How to make up for the shortcomings

At present, JD.com is also prepared before exploring the fresh market for the second time. First of all, after acquiring a 10% stake in Yonghui Supermarket in 2016, JD.com's subsidiary also wholly acquired Beijing Guanhua Supermarket in March last year. After winning two supermarkets, JD.com has already helped a lot in the fresh supply chain and retail format layout.

Moreover, Jingdong and Guanhua have always had in-depth cooperation in the home business, and the acquisition of Guanhua is also considered by the outside world to be a "model enterprise" that JD.com hopes to build an offline retail market, and Beijing has always been the main battlefield of JD.com, and JD.com's exploration on its own territory will often take a step ahead.

In addition, JD.com has also adjusted its development direction in the fresh food business.
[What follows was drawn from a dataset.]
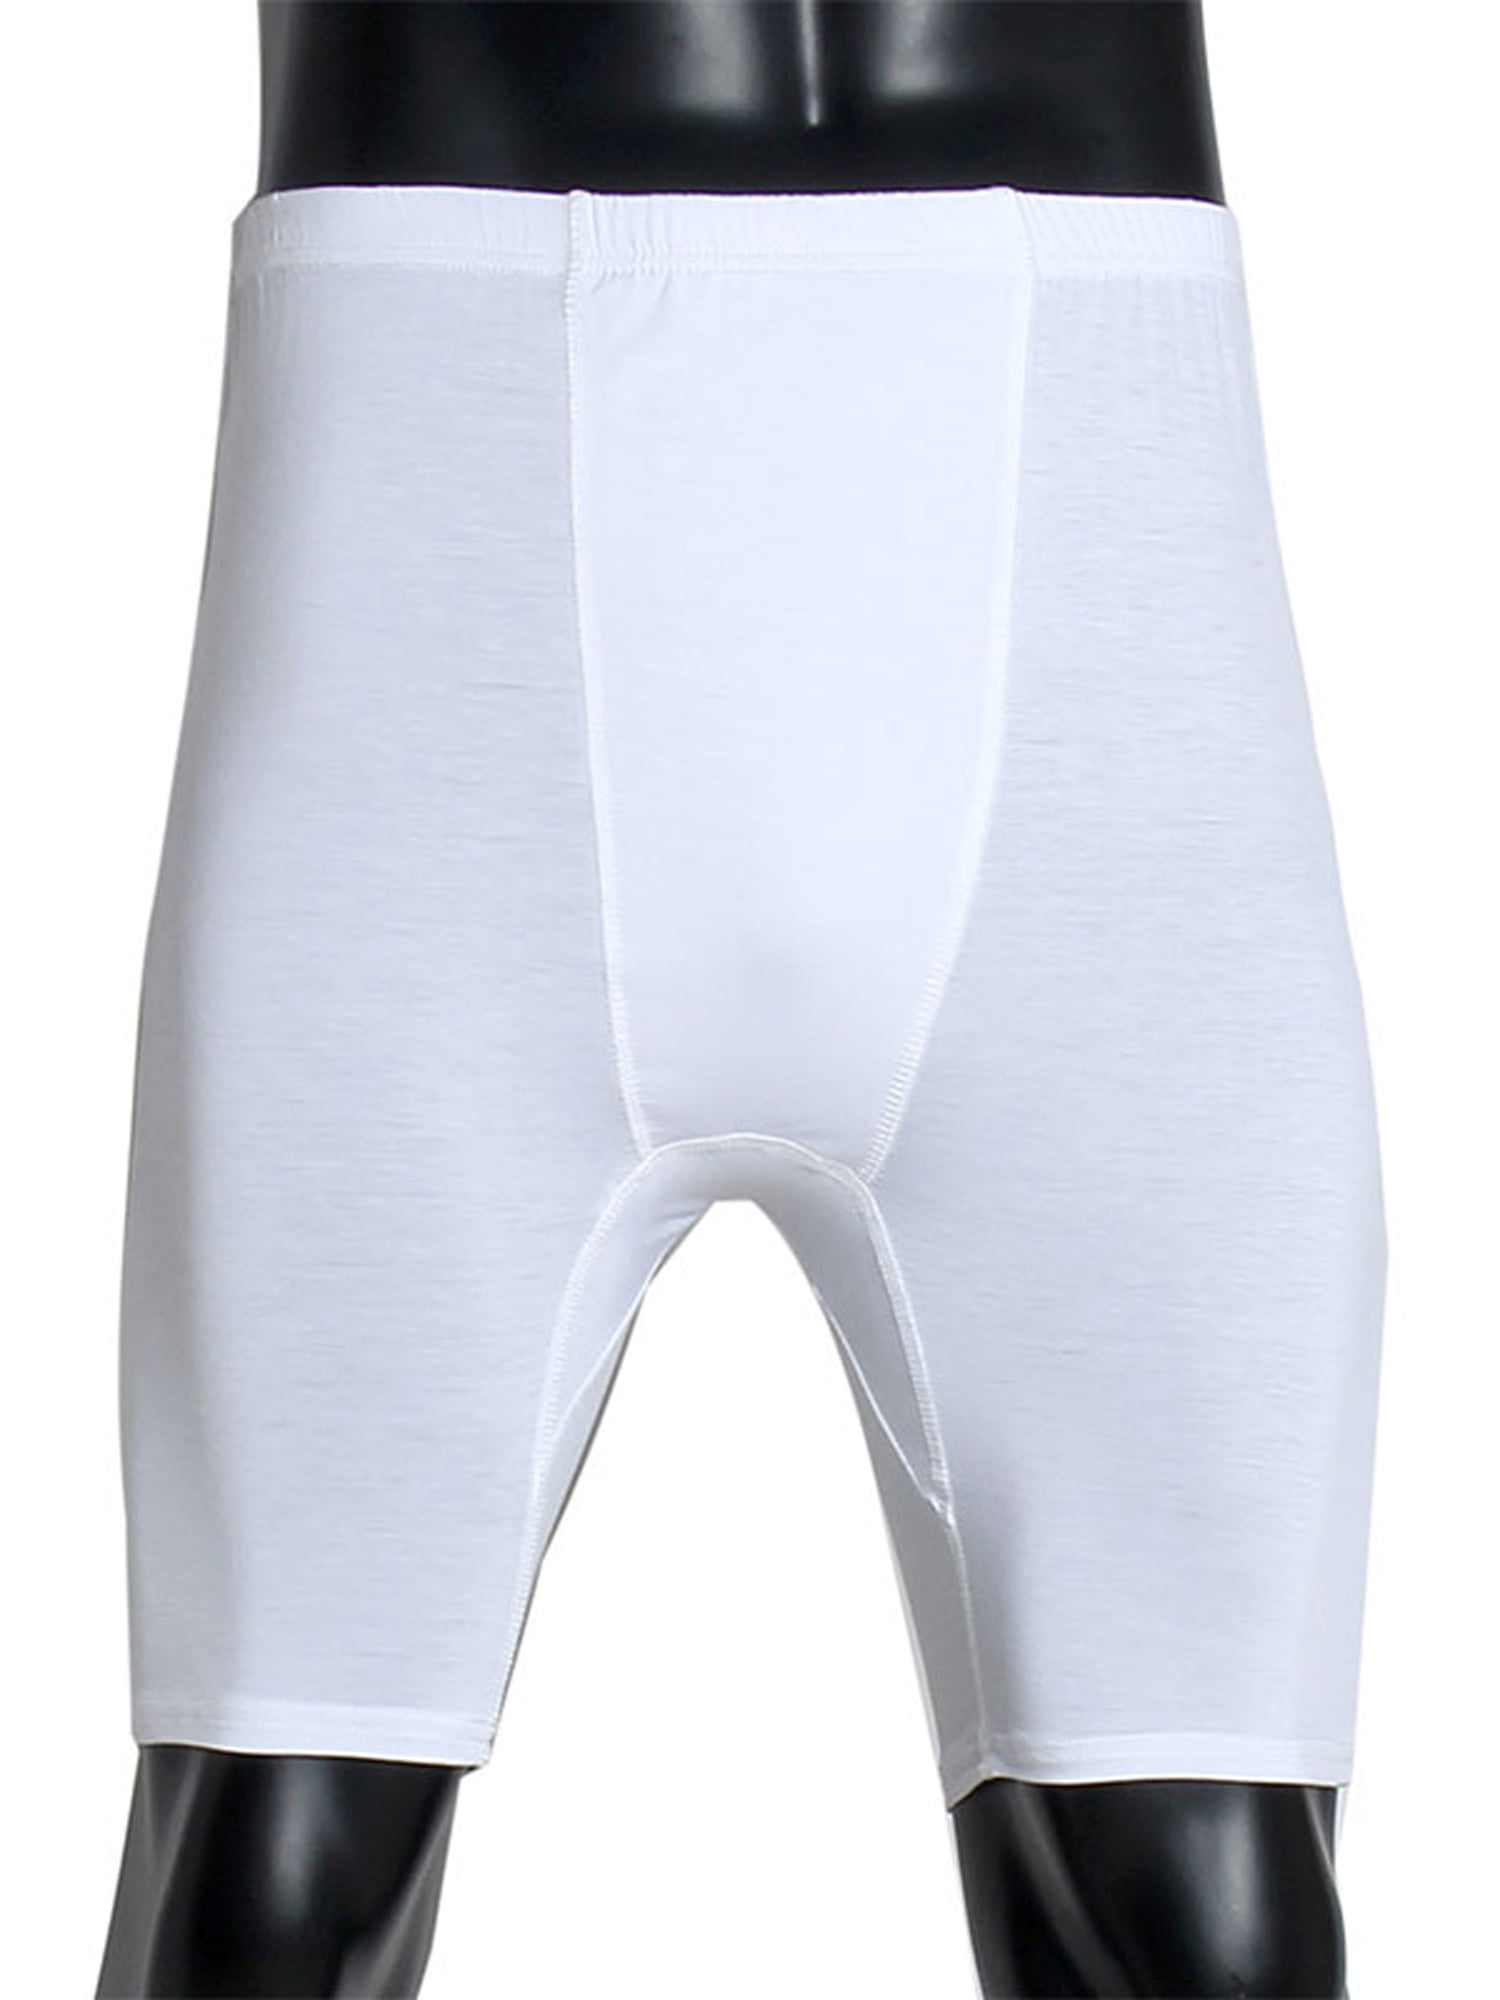 Wodstyle - Men's Muslim Short Pants Breathable Arabic Underpants ...

The previously self-operated Jingxi and Qixian will relatively test JD.com's supply chain capabilities, so this time JD.com's "JD Grocery Shopping" has chosen the aggregation model, aggregating many third-party platforms such as Pagoda, Wumart, Dingdong Grocery Shopping, Carrefour, Yonghui Supermarket, and even competitors Freshippo.

For JD.com, the aggregation model can not only alleviate its anxiety on fresh supply and fresh consumption, but on the other hand, JD.com's strong logistics and distribution capabilities can also make it more comfortable in instant retail.

Jingdong low-key restart the front warehouse, Liu Qiangdong is still reluctant to live a fresh dream

It can be speculated that when the platform-based operation mode of "Jingdong grocery shopping" develops to a certain stage, after Jingdong has completed exploration and trial and error, the platform will most likely gradually increase its self-operated products, and even further layout the national front warehouse, and then move closer to the direction of fresh e-commerce.

Looking back on the past, many fresh food e-commerce platforms that have been cleared by the market have repeatedly opened warehouses, built stores, and then closed stores and withdrawn cities in different cities, including the former Jingxi and Qixian.

The cost of repeated trial and error is obviously not small, coupled with the need for a lot of upfront investment whether it is a front-end warehouse or a one-store warehouse, JD.com's bypass of the "asset-heavy model" of direct exit is not another better choice.

Finally, looking back at JD.com's recent series of actions, from "tens of billions of subsidies" to restarting the front warehouse, JD.com's desire for the sinking market has become more and more obvious, and instant retail is obviously also a "knife" that wants to cut a hole in the sinking market, so as to achieve the purpose of pulling new ones, attracting traffic and cultivating users' minds faster.

However, this is also a problem that Jingdong may face in the future, in local life services, there are both old guns such as Meituan, as well as upstarts such as Douyin and WeChat, for JD.com, the long-term solidified brand positioning of the platform, as well as the user habits of active search on e-commerce platforms, may also become its "roadblock" on instant retail and even fresh e-commerce, JD.com to continue to "taste", the challenge will be great.